- Born: Christian James Fraser 13 November 1973 (age 52) Burnley, England
- Education: Leeds Metropolitan University
- Occupations: News Correspondent; writer; broadcaster;
- Employers: BBC (2000–present); Trinity Mirror (1995–2000);
- Spouse: Topaz Amoore
- Children: 2
- Website: christian-fraser.com

= Christian Fraser =

British journalist

Christian James Fraser (born 13 November 1973) is an English journalist, newsreader, writer and broadcaster, specialising in news and current affairs, who is a BBC News senior news correspondent and chief presenter. He presents The Context.

Fraser was a long-time foreign correspondent for the BBC based in Nairobi, Rome, Cairo, and Paris. He is currently the BBC's Senior News Correspondent, and based in London presenting on major international stories. Since 2017, he has co-hosted Beyond 100 Days alongside Katty Kay broadcast at 7pm on BBC World News worldwide, the BBC News Channel and BBC Four in the UK.

==Early life==
Fraser was born in Burnley, Lancashire. He attended Queen Elizabeth's Grammar School, Blackburn. He graduated with a degree in Spanish and Business Studies from Leeds Metropolitan University. After working in a hotel, Fraser became interested in journalism and took a National Council for the Training of Journalists (NCTJ) course in Newcastle.

==Career==
Fraser joined Trinity Mirror in 1995 as a trainee reporter, working for the Sunday Mirror and the Daily Mirror. He became a staff correspondent on the Daily Mirror in 1996 before joining the BBC in 2000. Fraser began his professional broadcasting career as an investigative reporter for BBC Radio 5 Live. In 2002 and 2003 he reported on the wars in Afghanistan and Iraq.

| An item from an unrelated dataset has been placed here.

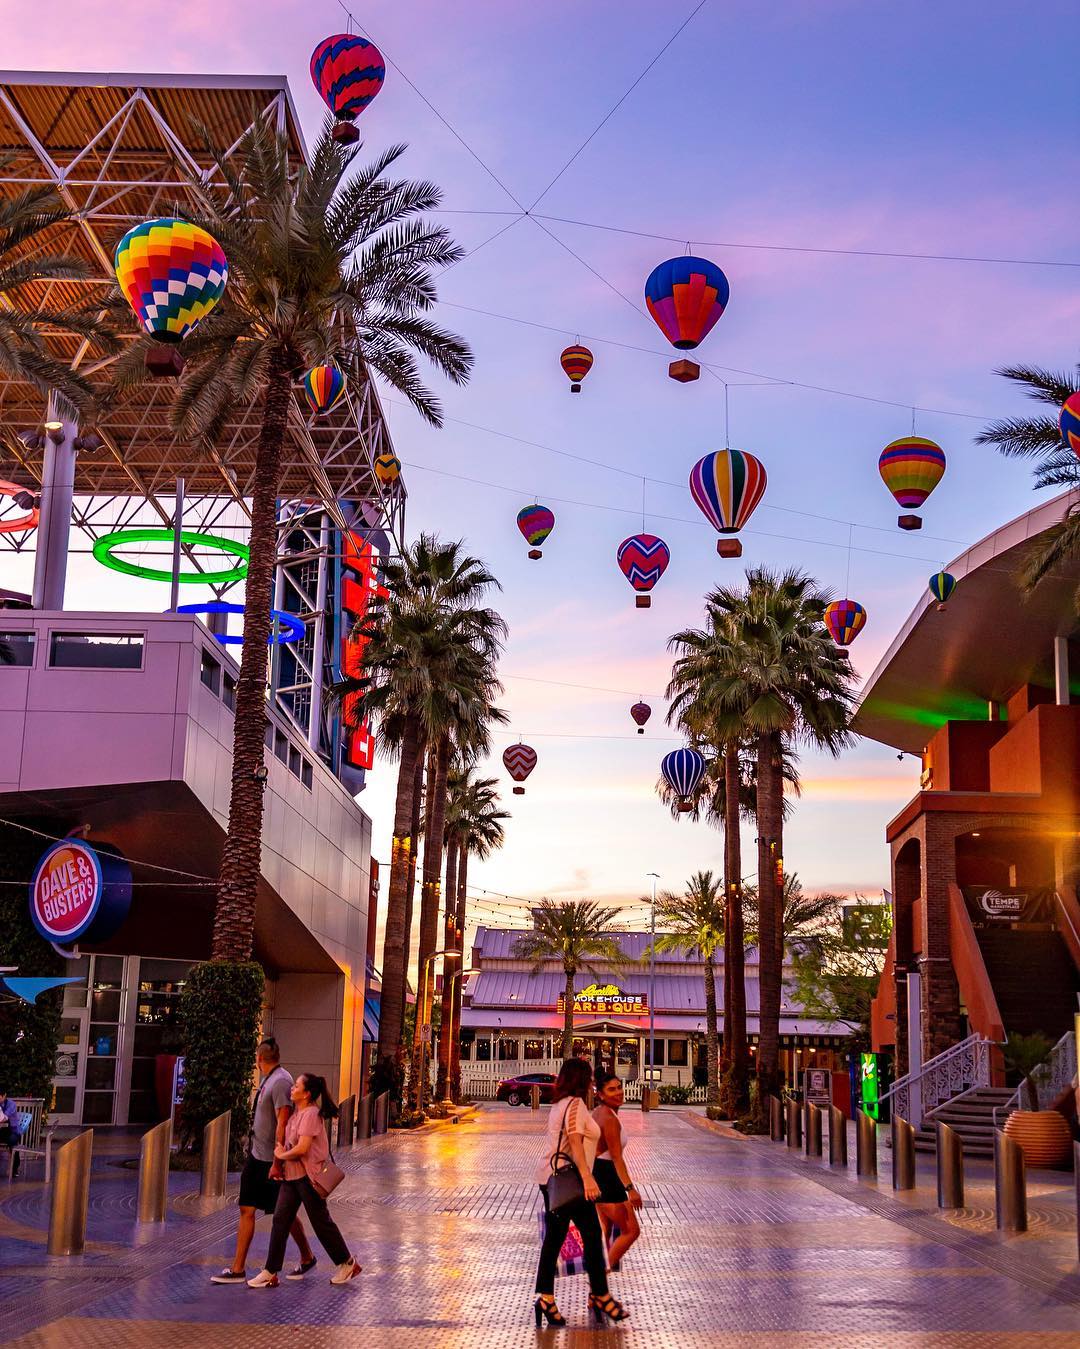 People Walking Around at Tempe Marketplace Under Fake Hot Air Balloons. Photo by Instagram user @tempemarketplace

In 2005 he was posted to Nairobi, where he reported on conflicts in the Democratic Republic of the Congo and southern Sudan. In the summer of 2006 he moved to Rome, where he was the BBC's correspondent for almost two years. A year later he moved to Cairo. Fraser was the only British correspondent inside Gaza in 2007 during the Israeli invasion, Operation Cast Lead. He spent a week in the Palestinian city of Rafah.

In 2010 Fraser covered the revolution in Egypt for BBC TV and was appointed that year as the BBC's correspondent in Paris. In 2011 he reported on the war in Libya, first from the rebel held Benghazi and then from Tripoli as the war dragged on. In 2014 he returned to London as the BBC News Channel's Senior News Correspondent. He now presents for the BBC News Channel, BBC World News, BBC Breakfast and Radio 4's PM programme.

In 2022, he became the main presenter of the BBC News programme The Context with Christian Fraser. He also presented the overnight coverage following the death of Queen Elizabeth II as well as some of the days leading up to the funeral. In February 2023 it was announced Fraser would become a chief presenter on the BBC's new news channel for both UK and international viewers due to launch in April.

==Personal life==
Fraser is married to Topaz Amoore, a journalist who was foreign editor at The Daily Telegraph before being promoted to assistant editor. They have two children and live in Barnes, London. He supports Burnley F.C.